第5話:土壌分析と、炎の本当の使い道

異世界五日目。 こんがりと焼けた芋の根(もう「芋」でいいだろう)と、焼いた魚で朝食を済ませる。 熱い食事は、思考をクリアにしてくれる。


腹も満たされ、俺はついに「本来の目的」である畑予定地の前に立った。 結界の外では、今日も魔物が壁にぶつかって消えている。うるさい。無視だ。


俺はしゃがみ込み、土を掴んだ。 昨日は大まかに見ただけだが、今日からは本番だ。


「……なるほど」


土の色は悪くない。黒っぽい。有機物がそれなりに含まれている証拠だ。 だが、問題は手触りだ。 指でこねると、粘土のように少し固まる。水はけが悪い、「重い土」だ。 これでは根が呼吸できず、腐りやすくなる。


次に、酸性度(pH)だ。 リトマス試験紙なんて便利なものはない。 だが、実家で叩き込まれた知恵がある。


「指標植物(インジケータープランツ)……」


俺は周囲を見渡す。 その土地に生えている雑草を見れば、土の酸性度がだいたい分かる。 酸性を好む植物、アルカリ性を好む植物。


「……あった」


畑予定地のすぐ脇に、スギナ(土筆)によく似た、節くれだった植物が群生している。 こいつは、俺の知る限り、典型的な「酸性土壌」の証拠だ。


これで診断は出た。 『水はけが悪く、酸性が強い粘土質の土』。 正直、野菜作りには最悪に近いスタートだ。


「……素人なら、ここで絶望するだろうな」


だが、俺はプロ(の卵)だ。 問題が分かれば、やることは決まっている。


水はけの悪い粘土質には、有機物――腐葉土や堆肥を大量に投入して、土を「団粒化」させ、ふかふかにしてやる必要がある。 そして、強い酸性を中和するには、アルカリ性の「石灰」が必要だ。


「石灰……」


もちろん、そんなものはない。 だが、完璧な代用品がある。


俺は森へ向かい、枯れ木や落ち葉を大量に集め、畑予定地の隅に積み上げた。 そして、その山に向かって指を構える。 調理の時とは違う。遠慮はいらない。


「最強の炎」


指を鳴らす。 ゴォォォオオオ!!!


火柱が上がり、枯れ木の山が一瞬で巨大な篝火(かがりび)と化した。 熱風が結界の壁にぶつかって渦を巻いている。


「これだ」


俺はこの魔法を、調理道具(ホットプレート)程度にしか考えていなかった。 だが、違う。 これは、農業用の最強の「土壌改良」ツールだ。

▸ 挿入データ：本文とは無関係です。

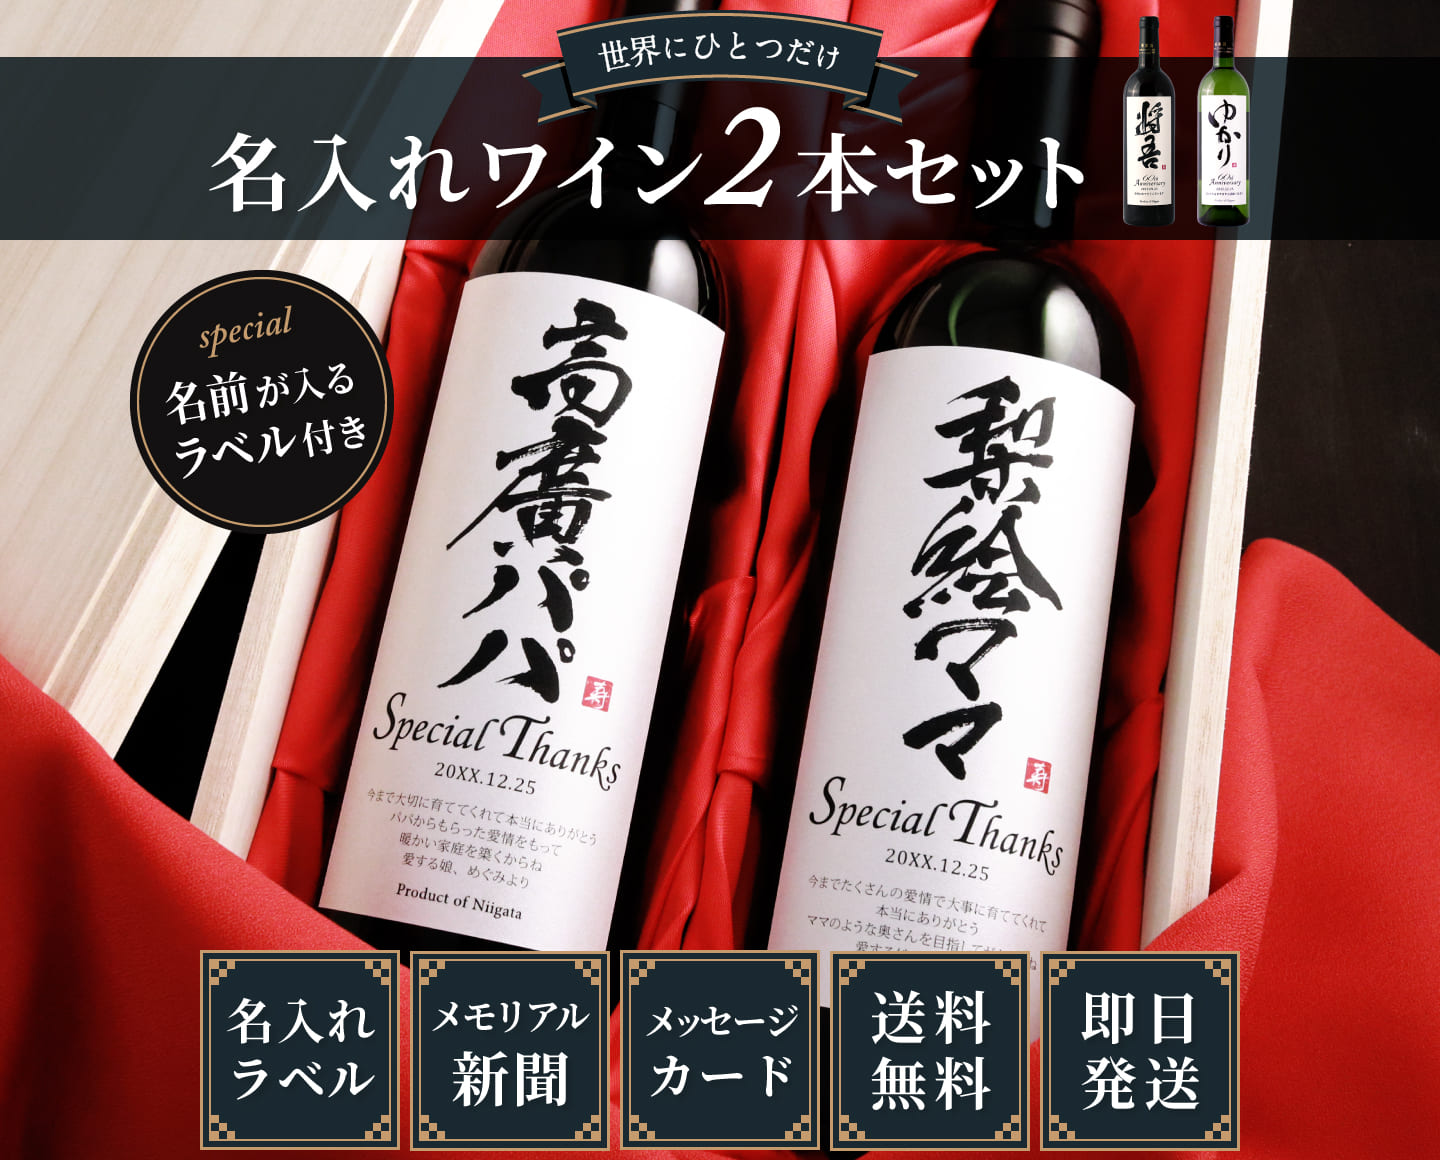 米寿に贈る名入れ漢字ワイン 88年前の誕生日の新聞と桐箱が付いた豪華セット

火が消えれば、大量の「草木灰(そうもくはい)」が手に入る。 草木灰は、石灰と同じく、酸性の土を中和する最高のアルカリ性資材だ。 ついでに、カリウムやリン酸も補給できる。


結界の外で、火柱に驚いたのか、魔物たちがいつもより激しく壁を叩いている。 ドン!ドン!と、ひときわうるさい。


「うるさいぞ。こっちは今、お前らよりよっぽど役に立つ『灰』を作ってるんだ」


火が落ち着くまで、俺は次の作業に移る。 この灰を混ぜ込む前に、まずは土を深く掘り返さなければならない。 道具は……あのナイフ一本か。


「……鍬(くわ)が要るな」


俺は、道具作りという次の難題に目を向けながら、熱い炎を見つめていた。